Sorry to just blurt my ideas with less context, but I <3 performance and wanted to share some stuff. Usually a series of web interfaces are useful for such a task each designed for a drill-down analysis. First the service level investigation dashboard: for queries, considering we have decent instrumentation in services, structured logs and hence metrics be be derived in elasticsearch and then queried as @aaron suggests. We can have a series of nice visualizations in kibana or Grafana (preferably) to help us out there. This would give some service level visibility. We should also have some metrics related to instances attached to the logs.

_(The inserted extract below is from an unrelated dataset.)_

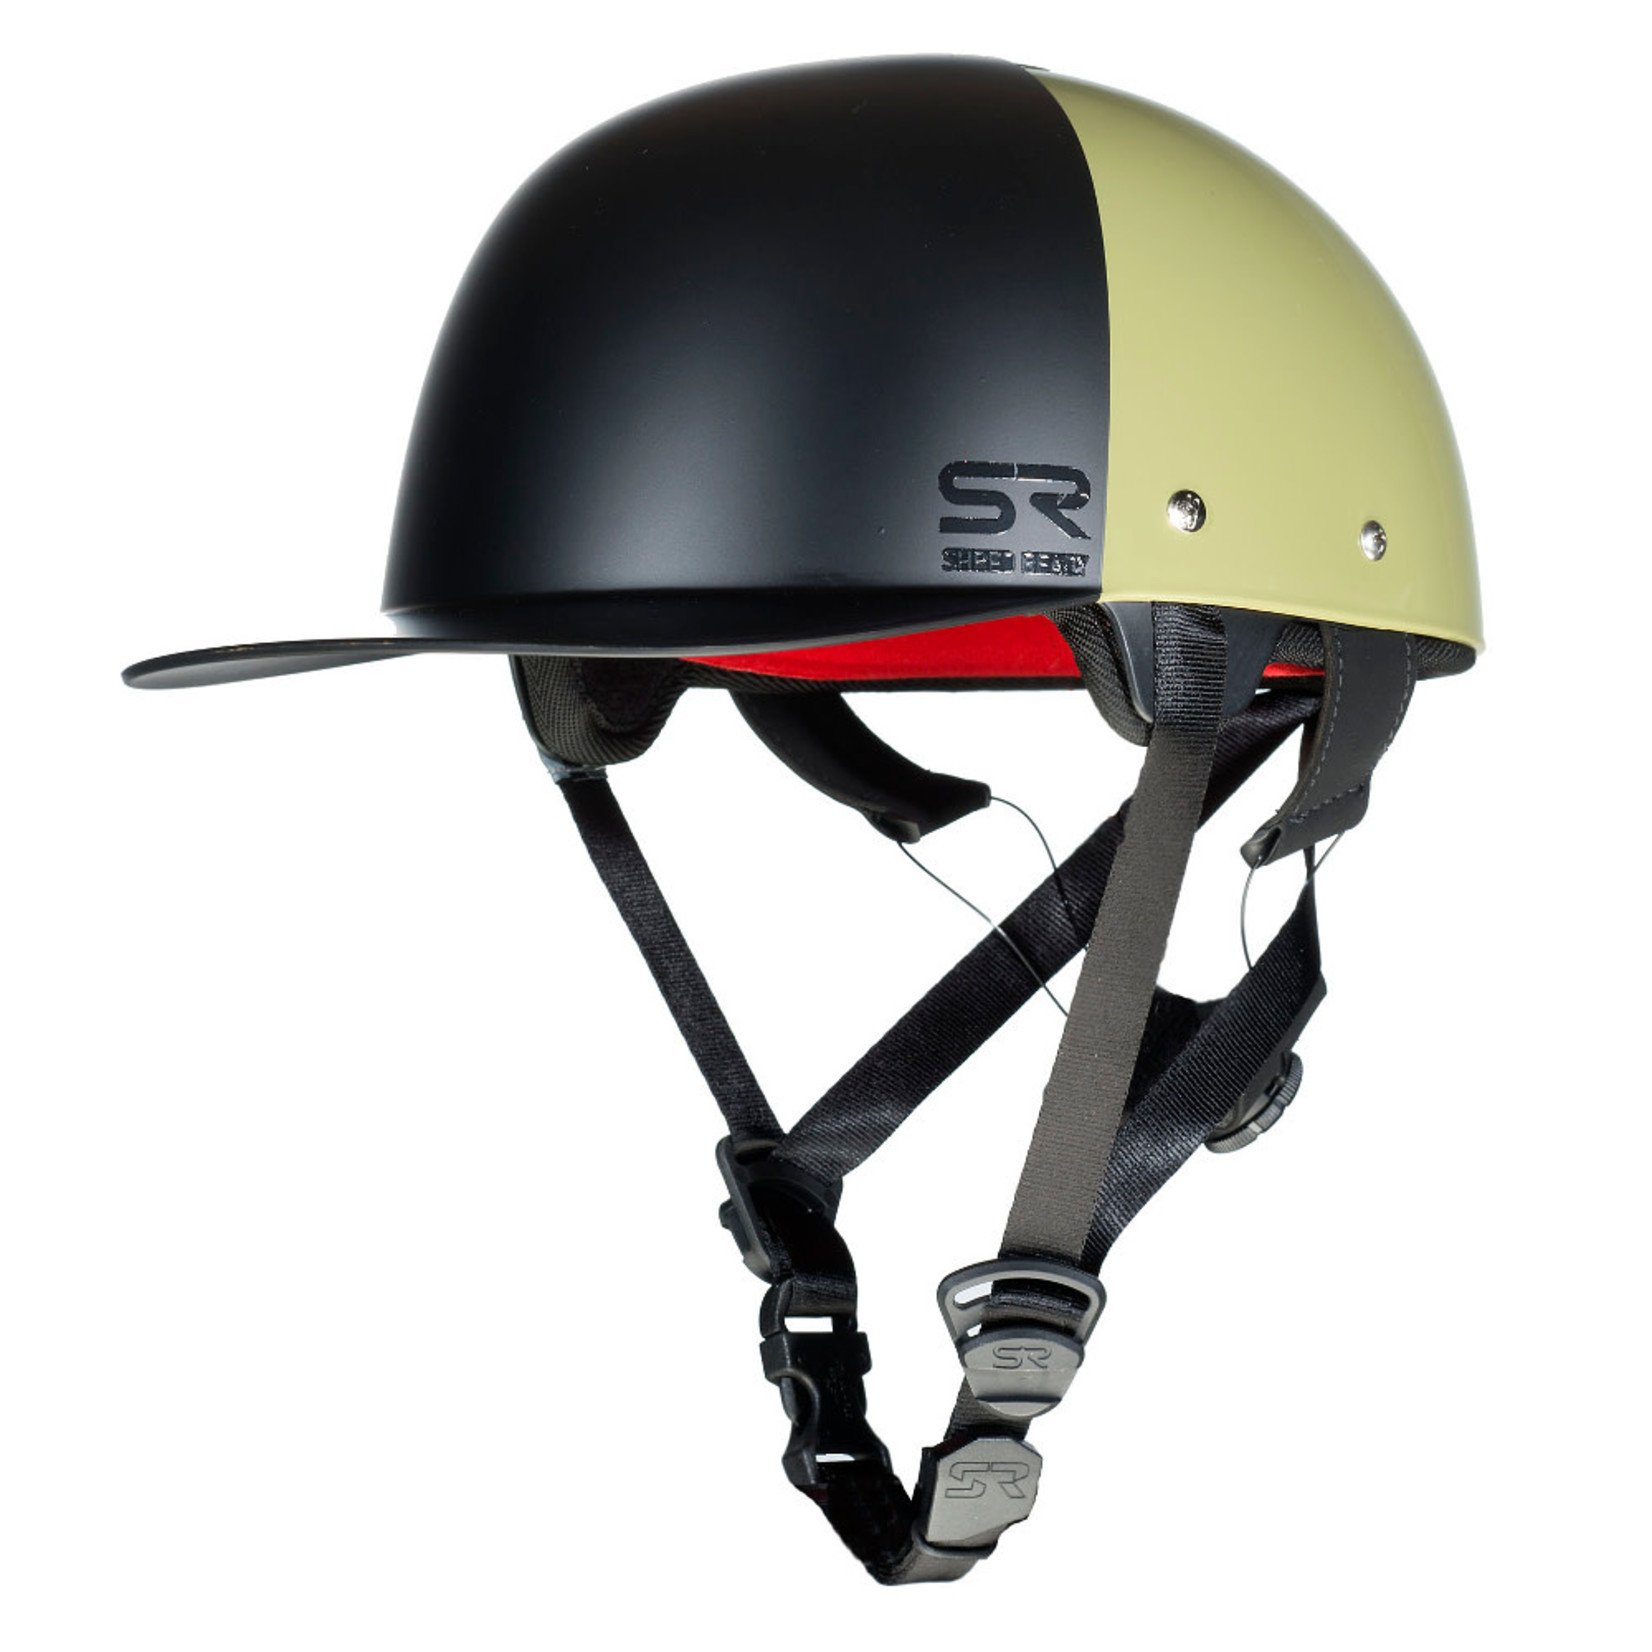 Shred Ready Shred Ready Zeta Helmet
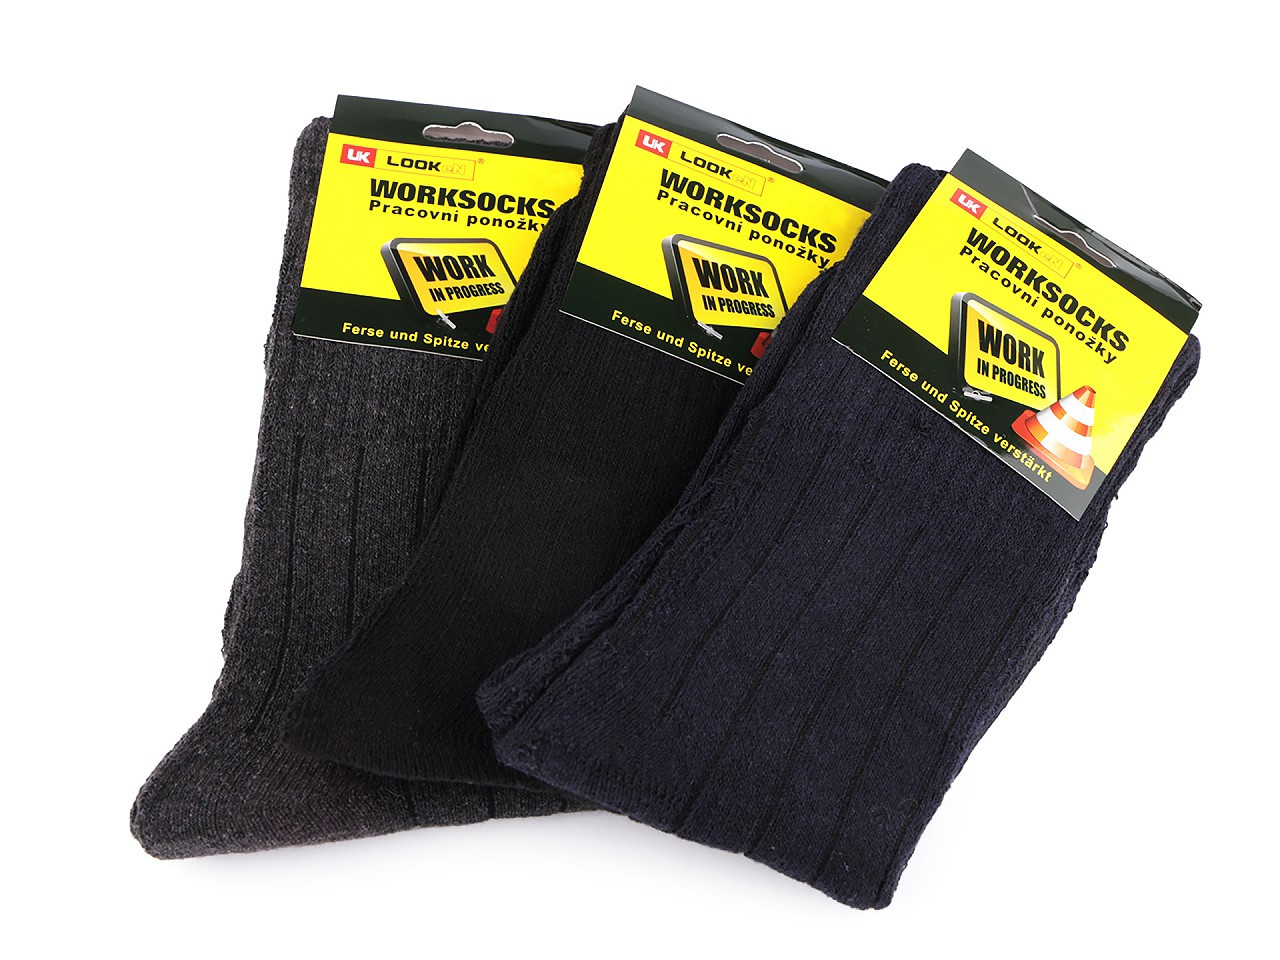 Pánské bavlněné ponožky pracovní, barva 4 (vel. 43-46) mix proužky

This will take us to the next series of 'web-interfaces' for a instance level analysis. We could start by something which Netflix uses (Atlas) for a higher view and for each selected instance (on which performance regressions are visible) we can isolate them and fetch much more detailed views (see Netflix Vector). For instance level analysis, the data sources could be profiled samples or trace snapshots (such as those gathered from proc/eBPF or even LTTng)
So the workflow of observation can be identification of slow queries (such as those on one of mediawiki services). Ideally grafana should alert us of such anomalies when a predetermined threshold is reached. It would also identify instances which are affected. This would take us to an instance selection web interface where we can select instance and spawn up a dashboard which contains the views such as individual on-CPU flamegraphs. disk latency etc. sourced from the instance. Suppose, N number of instances on one region showed abnormal block I/O latency, thus affecting a query that involved disk access, thus slowing down Y% of total queries on the infra.
Of course, I am just suggesting. I may be wrong as well. Feel free to assign me some tasks for investigating possibilities/building tools etc. I would be willing to develop some tools related to this effort :)